Being in the “media generation” we are at the receiving end of both its advantages and disadvantages. While you have the world at your fingertips on your smartphone, the same smartphones turn addicting with time. Soon, you start picking up your smartphones for no reason at all; putting your mental health and digital well-being at risk. Your screen time not only affects your valuable work time but also your eyes and brain. It is time to take steps to reduce screen time for the sake of no one, but you.
Studies claim that an individual should have 2-3 hours of screen time per day. But surely many people have gone way ahead of that with their screen time. Adults frequently engage and enjoy themselves on screens. They frequently have a larger risk of developing a screen addiction. They should minimize their screen time outside of work because of this. Anything more than two hours a day is deemed detrimental, therefore it must be less than that. You shouldn’t watch TV shows or movies on streaming services or spend more than two hours on social media after work.
Limit, Don’t Restrict
Now, once someone hears about this recommended screen time, their first instinct is “Done! From today, I won’t use my phone only”. Calm down Galileo! No need to go all Eureka. The key is to limit your phone usage and not entirely stop. Because that is not possible.
Your digital well-being means balancing your work and personal smartphone requirements and knowing when to stop. We live in a world where we can’t do without a smartphone. There are meetings to attend and files to fill. Payments to initiate and food to order.
Completely putting down your phone will only lead to FOMO and your mental health degrading even more from the extra stress.
The effects of adult use of electronic devices on health require further study. Even more so during the epidemic, adults spend a lot of time looking at screens. As individuals spent more time indoors, time spent on cellphones, TVs, laptops, and video gaming consoles climbed.
Reduce Screen Time With Ease
- Track your Screen Time
Set an initial target for how much time you typically spend in front of devices. Although some smartphones come with a built-in screen timer, you can also utilize monitoring apps to get a weekly and monthly reports on your screen usage.
Once you know your capabilities and tasks that require your phone, you will understand when and how to put your smartphone down.
- No Screens Before Bed
To give even more relief to your eyes and mind, it is a proven tip to reduce screen time. Not to use or look at a screen 1 hour before sleeping, and 1 hour after waking up.

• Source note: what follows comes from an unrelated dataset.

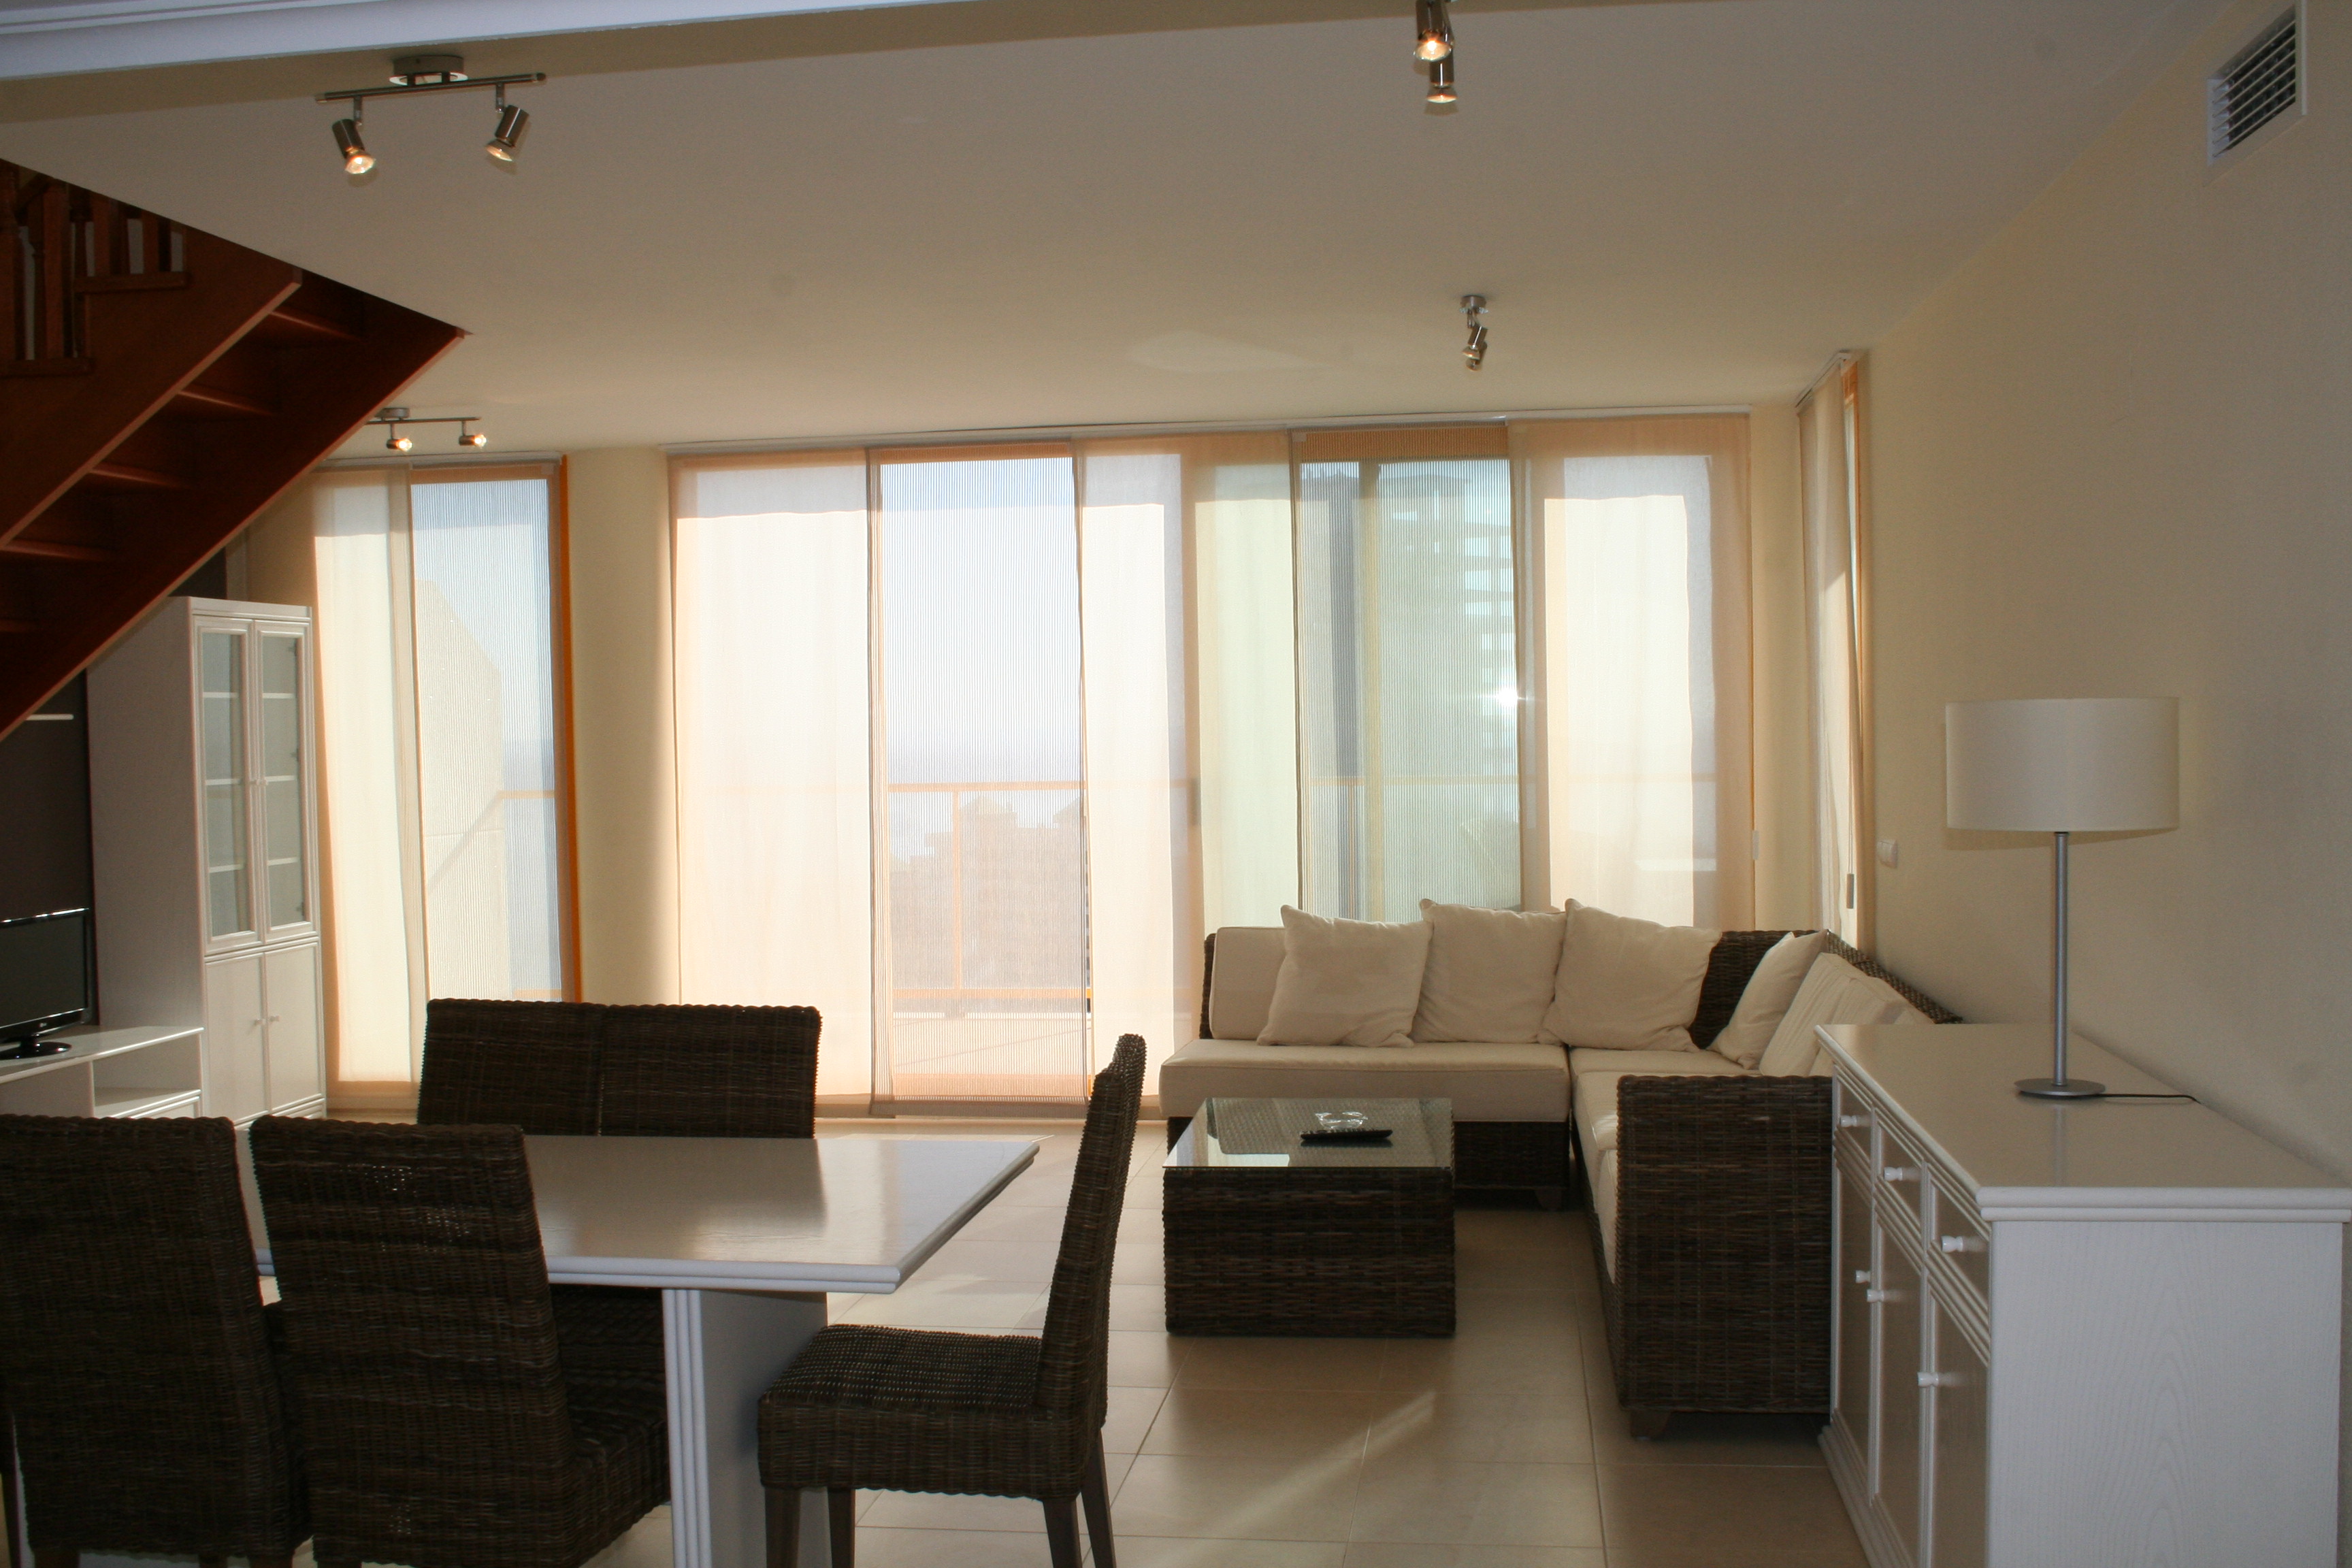 Duplex penthouse te koop in Calpe met uitzicht op zee

Starting your day by scrolling through your phone clogs your mind, making you miss the opportunity of having a fresh morning. Being on your phone before going to bed just ends with you staying up longer.
Reduce screen time by monitoring your night and day phone usage.
- Take Break From Social Media
This can entail taking a break from all social media platforms or just one particular one. Consider the impact of the media you consume on yourself. On social media, people frequently share a polished version of their lives, which might cause you to have irrational expectations and worry about your situation. You may reset and reassess how you want to use social media by taking a vacation from it.
Social media contributes the most to screen time. It is also known to affect your mental health, along with your digital well-being. Limiting social media is one of the most important steps to reduce screen time.
- Don’t Eat While Watching A Screen
When we watch TV or play video games, we often eat more. Establish and adhere to different mealtimes to tackle this habit. Take the snacks out of the play area.
This is also two targets with one hit, as it eating in front of a screen also makes one over-eat. With the distraction caused by a screen, you don’t pay attention to what goes in your mouth.
- Leverage Technology
If you struggle to put your device down, use technology to assist you break your screen addiction at various points throughout the day.
Set alarms on your phone or calendar to serve as a reminder to take breaks. To lessen distractions, disable social media or communication platform notifications. In this manner, you can put your phone away until you are prepared and done with other tasks.
There won’t be an out-of-sight-out-of-mind situation about your digital well-being when you are constantly reminded to reduce screen time.